Se quejaba hace unos días una madre finlandesa de que la
profesora de español de su hijo es demasiado estricta. El chaval ha aprendido
nuestra lengua en su casa, de boca de la madre, que procede de Méjico. La
profesora le corrigió un uso anómalo, incorrecto, según ella, de la palabra
“librero”. En España designa al dueño o dependiente de una librería, pero en
algunos países hispanoamericanos, entre ellos Méjico, también significa
“librería” en el sentido de ‘estantería para colocar libros’. En la clase se
enseña, por lo visto, el español de España, solo ese, razón por la cual fue
rechazada la variante mejicana.
Yo comenté a la madre que la Real Academia admite el doble
uso de “librero”, cosa que ella ya sabría, porque también da clases de español
en el mismo país nórdico. Añadí que todos los que, en una línea purista,
limitan la legitimidad a la variedad peninsular, están muy equivocados, así
que -salvo por la incidencia en las
notas- no debía preocuparse, en mi
opinión, por el idiolecto de su hijo, al menos en ese aspecto.
Planteé otro argumento en contra de la maestra, que, por
cierto, es originaria de Holanda. Si partimos de la división entre español de
España y español de América -muy simple,
pero me sirve-, está claro que el futuro es del segundo, en el caso de que la
situación actual de convivencia y equilibrio cambie a favor de una u otra.
Cientos de millones de hablantes extranjeros hacen que la península sea una
insignificante isla, donde le hacen, además, competencia creciente algunas
lenguas regionales. De todas las emisoras de radio y canales de televisión que
ahora mismo, en este instante, están emitiendo, ¿en cuántas se expresan los
locutores en castellano de Castilla? Una escasa minoría en comparación con las
que tienen voz hispanoamericana. La lengua española nació en España, en
Castilla, pero ya no es propiedad nuestra solamente; más aún, la mayor parte de
las acciones están en manos extranjeras. La señora holandesa debe reflexionar y
darse cuenta de esto. Y admitir la heterogeneidad dialectal en su clase, no
distinta de la que sucede fuera, en el mundo.
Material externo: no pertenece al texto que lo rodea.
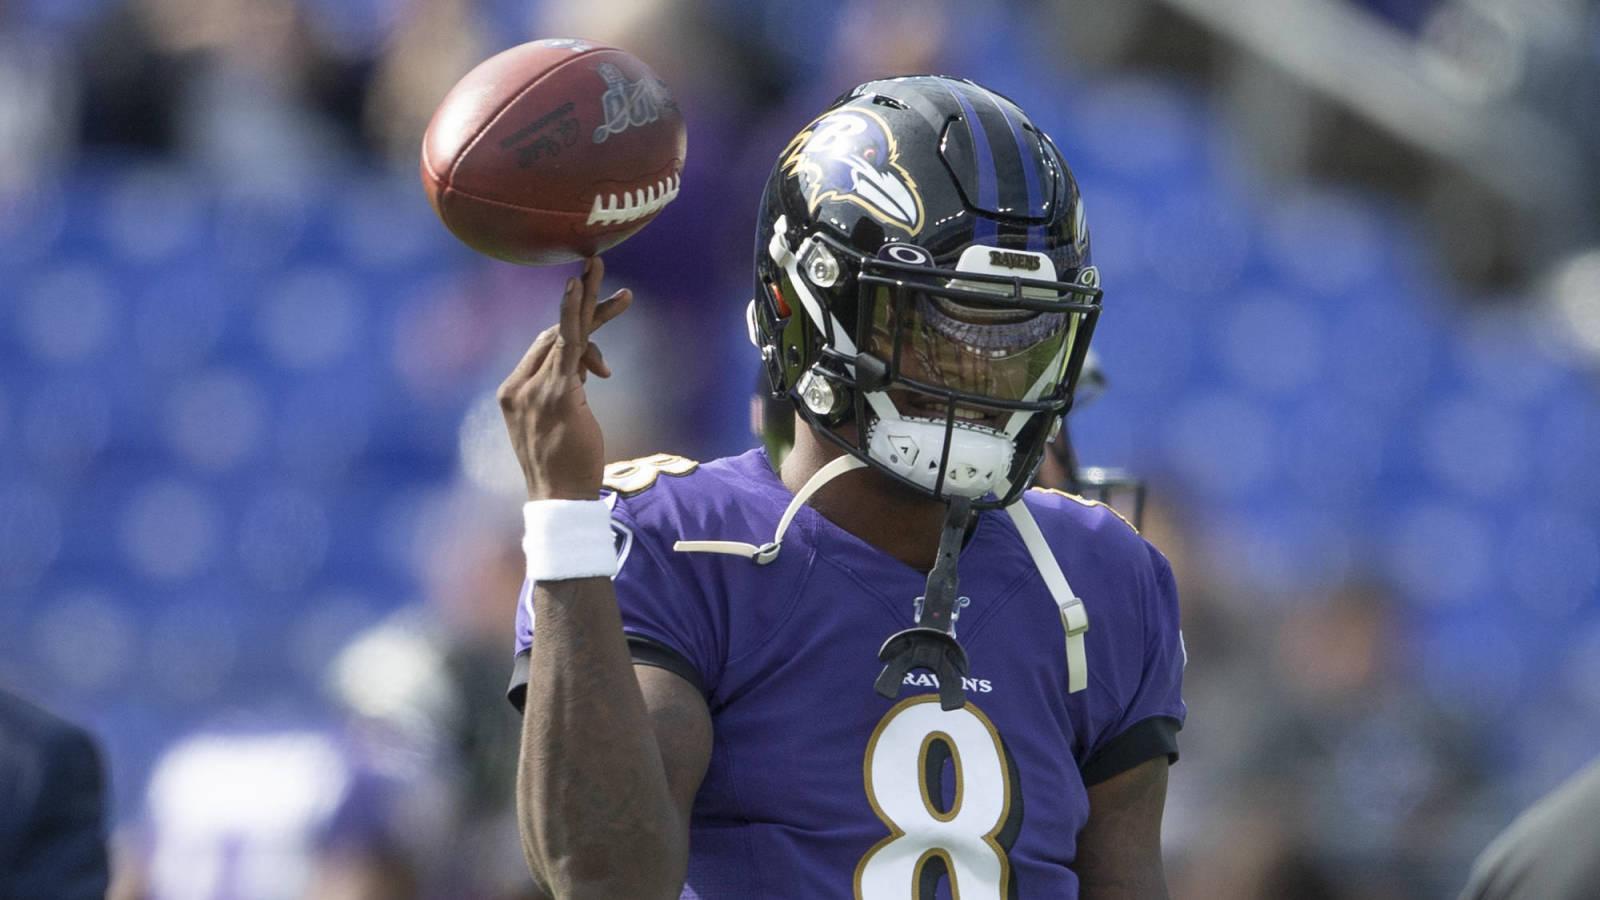 No contract talks between Ravens, Lamar Jackson?

File:Map-Hispanophone_World.png |
Como puede suponerse, me estoy refiriendo a la lengua
hablada, no a la escrita, que marcha por otro camino, que tiene su devenir
propio. A tal propósito, quiero señalar otra cuestión: muchos españoles (y/o
hablantes de español foráneos) no solo elevan a la categoría de modelo la
modalidad peninsular, sino que circunscriben dicho papel a una de las
variedades de España: la castellana. El tópico consiste en defender la forma de
hablar de Valladolid o Burgos como la mejor, la más correcta. No sé si la
maestra del niño finés también está en eso. Si es así, ha caído en un nuevo
error. No sabe que “la” lengua equivale a una suma de variedades dialectales, sociolectales,
etc., y que todas son igualmente válidas y aceptables.
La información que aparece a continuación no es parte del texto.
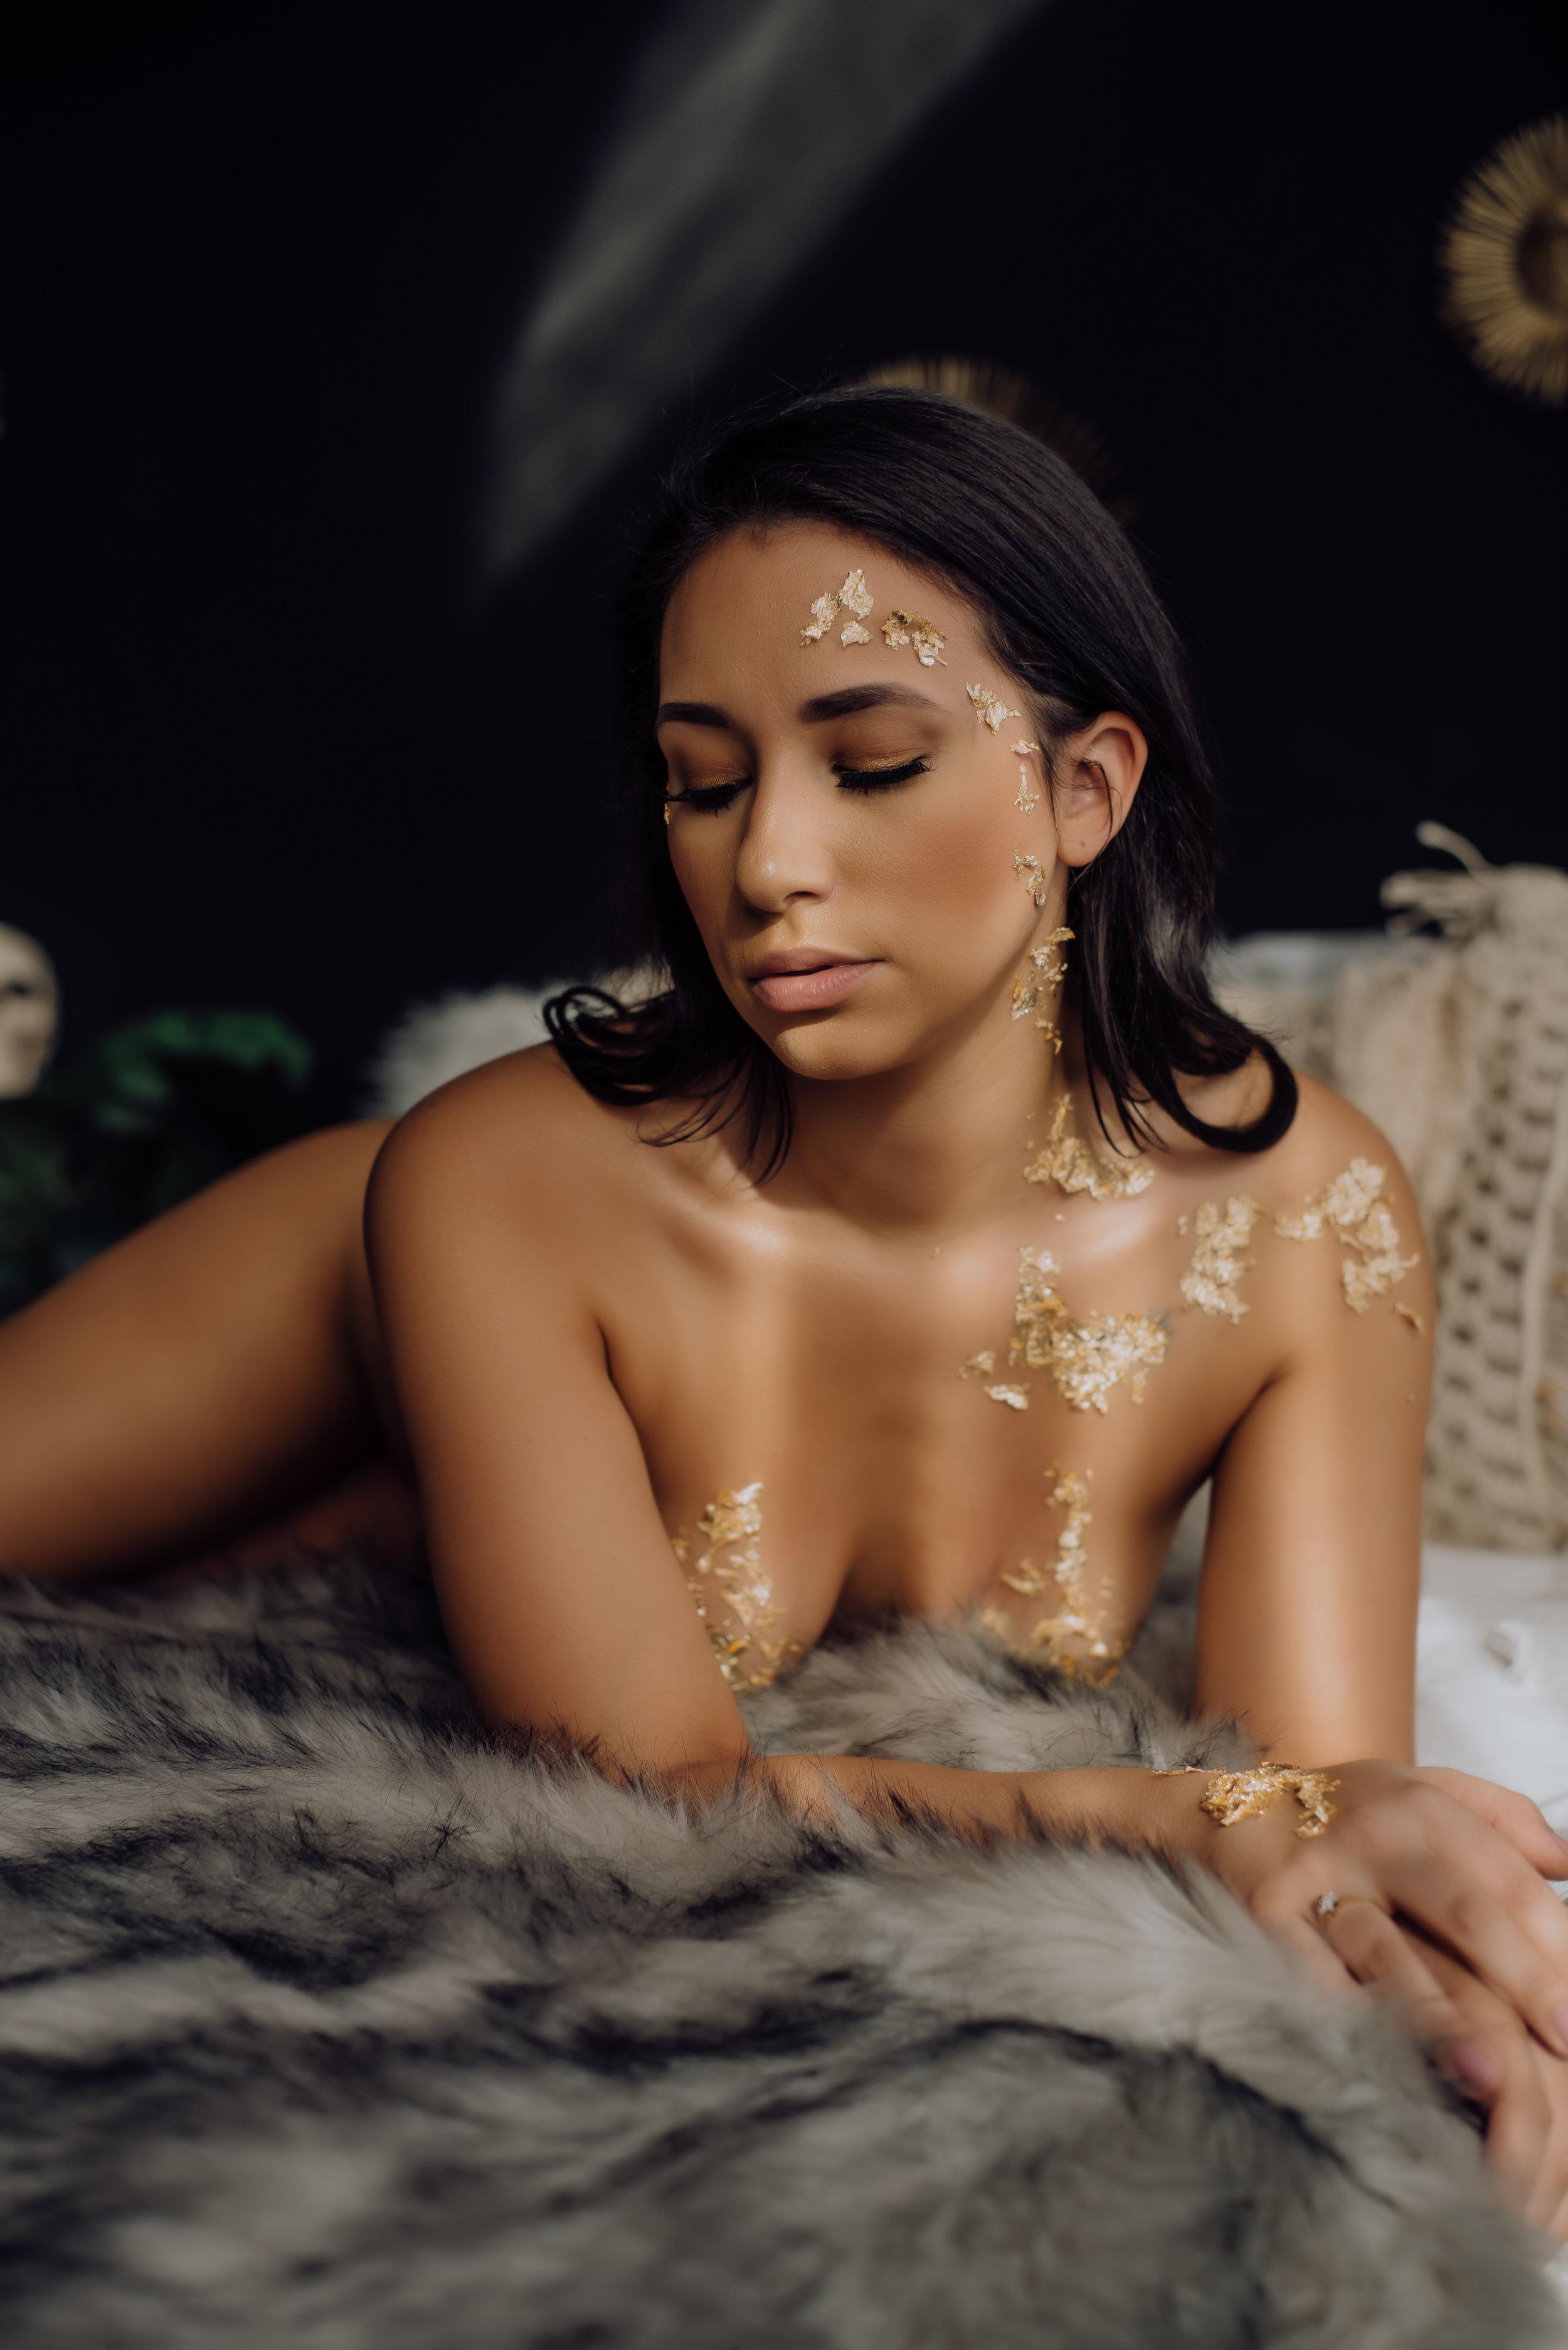 boudoir-photographer-gold-foil-69.jpg

Los andaluces hemos de ejercitar mucho nuestra autoestima en
este aspecto. Bastante gente opina que hablamos mal, porque lo hacemos de
manera distinta a los del norte de España: nos comemos consonantes, construimos
de forma diferente los enunciados, tenemos una retórica singular, etc. Yo creo
que aquí la equivocación parte, no del menosprecio social y cultural de
Andalucía o de su atraso histórico, según suele afirmarse también, sino de otro
factor: la consideración
-fetichista- de la lengua escrita
como forma suprema del bien hablar (nótese de entrada la contradicción: lengua
escrita – bien hablar). Semejante identificación significa un modo de pensar
equivocado. Pero así llevan entendiéndose las cosas una eternidad. Y, a partir
de tal axioma, falso, se llega a la conclusión, falsa, de que el habla es tanto
más aceptable, más correcta, cuanto más se parece a la lengua escrita y
viceversa. Regla de tres por la cual se termina otorgando la supremacía al
habla castellana, la del norte de España, por ser la más próxima a la norma
escrita, sobre los dialectos meridionales, concretamente los andaluces.
Lo mismo que cualquier otro tipo de conducta, el uso de la
lengua depende no solo del conocimiento que se llegue a tener de ella (de su
vocabulario, de su sintaxis, de las reglas comunicativas, etc.), sino también de
la interpretación y valoración que se haga de los fenómenos
lingüístico-comunicativos. Aquí nacen y perviven muchos mitos. La profesora holandesa
de español cae en un error de interpretación de la convivencia entre dialectos,
de idéntico calibre, aunque de diferente naturaleza, al de los andaluces y no
andaluces que colocan el ideal de lengua hablada en la lengua escrita.